= Todmobile =

Icelandic band

Todmobile is an Icelandic pop/rock band, active since 1988.

== Biography ==
The band was created in the summer of 1988 around Þorvaldur Bjarni Þorvaldsson, a vocalist, guitarist, and record producer.

In the beginning, all 3 members were part of local bands and studying at the Reykjavík College of Music in May 1989. "Sameiginlegt" was the name of their first demo, which made it onto the first studio album, Betra En Nokkuð Annað. The following year, their most memorable self-titled album was released to rave reviews and respectability for their live concerts. This was followed by the release of their debut English-language songs "Opera" and "All Around".

After the huge success of the Spillt album in 1993, the members of Todmobile moved onto other projects.

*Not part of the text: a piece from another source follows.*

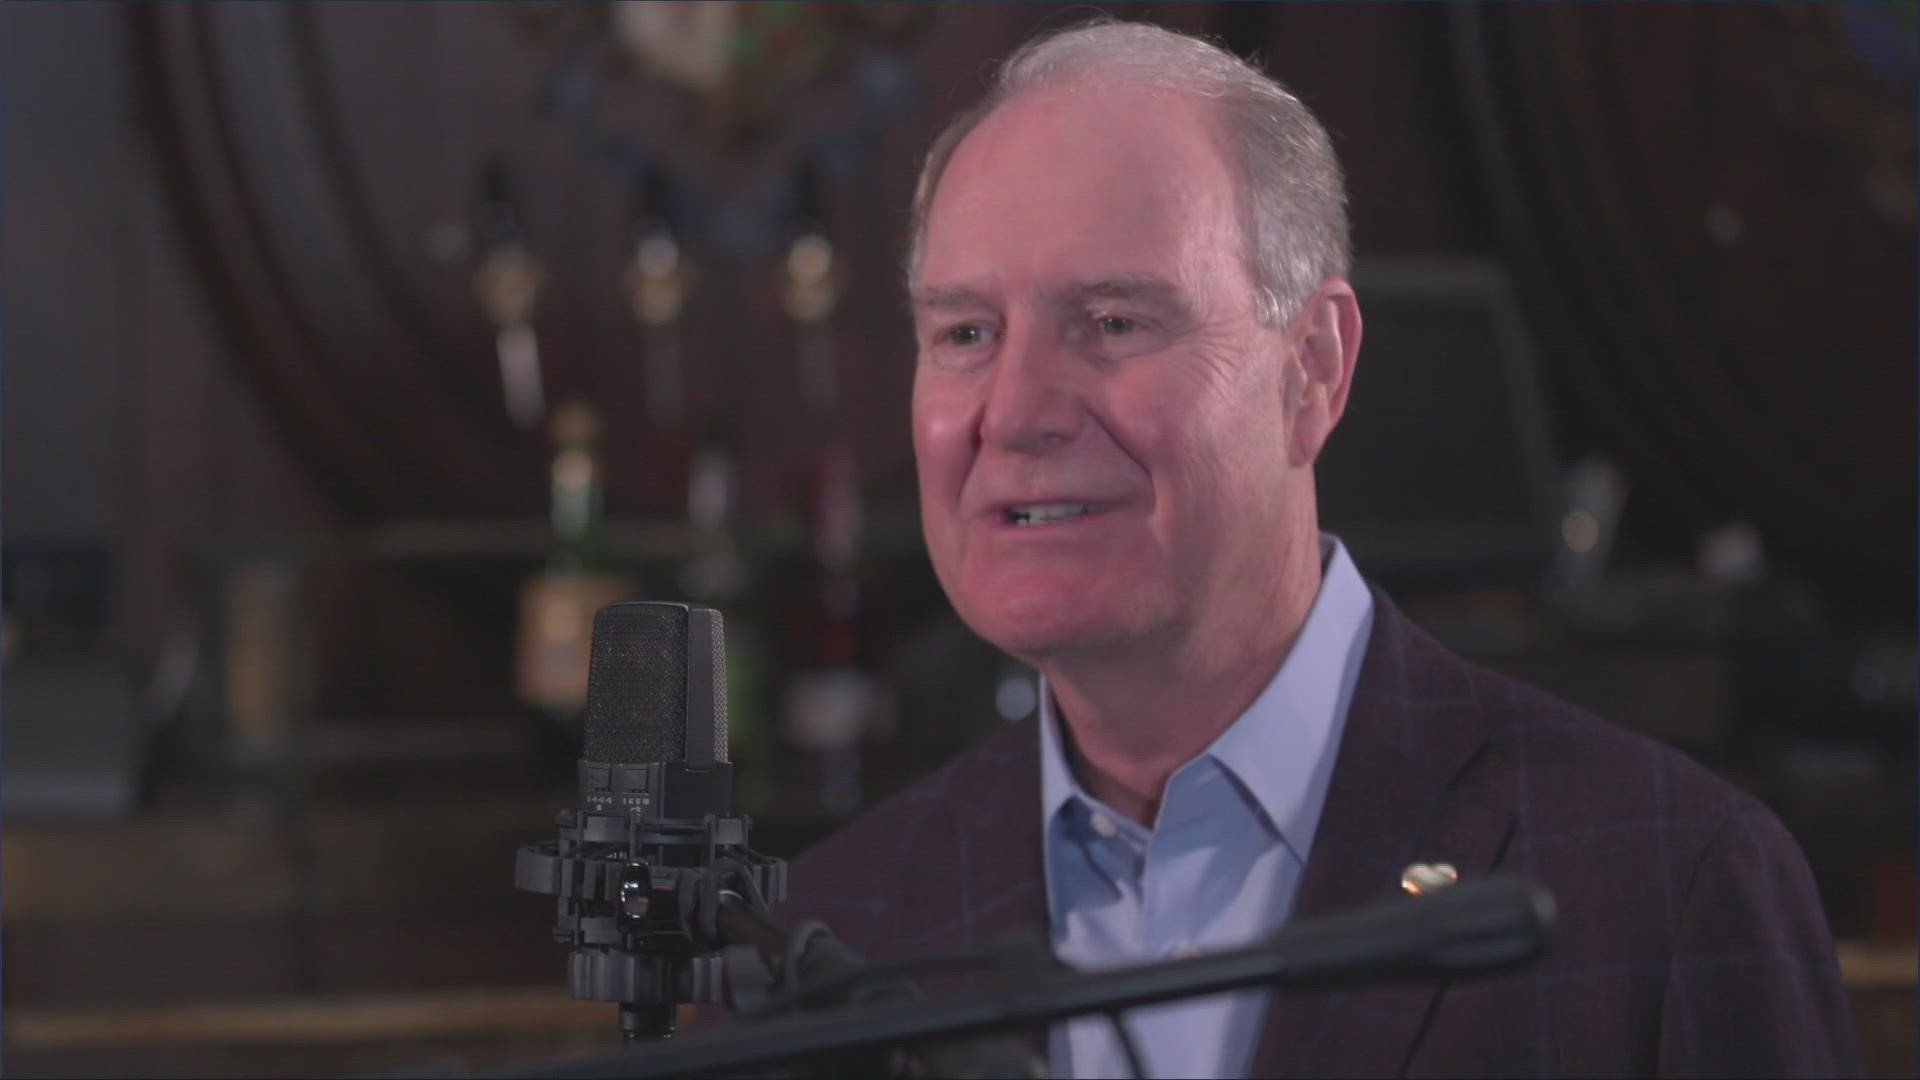 In a wide-ranging interview in this week's Y'all-itics, Southwest Airline CEO Gary Kelly talks about vaccine mandates and his retirement.

Eyþór joined a band called Bong, which had success in 1994 in both Iceland and the UK. Andrea fronted a swing band called Citysister while collaborating with Þorvaldur in 1994 to form Tweety, who made music in the dance/rock and pop genres, and she also took the lead role of Eva Perón in the Icelandic production of Evita.

In February 1996, after fans wrote to Andrea and Þorvaldur pleading for them to revive Todmobile, they re-formed under the original name of Todmobile. Andrea, Þorvaldur and new lead singer Vilhjálmur Goði released their "comeback" CD titled Perlur og svín and once again started touring shortly after the album.

Solo projects once again ensued, Þorvaldur being the main success after co-writing the Icelandic ESC 1999 entry "All Out Of Luck" for Selma Björnsdóttir, which placed second. In 2003 Todmobile released their first live CD and DVD – Sinfónía, which was a compilation of all their hits with the Iceland Symphony Orchestra.

In 2009, Eyþór Ingi Gunnlaugsson took over the singing duties from Eyþór Arnalds. Eyþór Ingi Gunnlaugsson represented Iceland at the ESC 2013, with his song "Ég á líf".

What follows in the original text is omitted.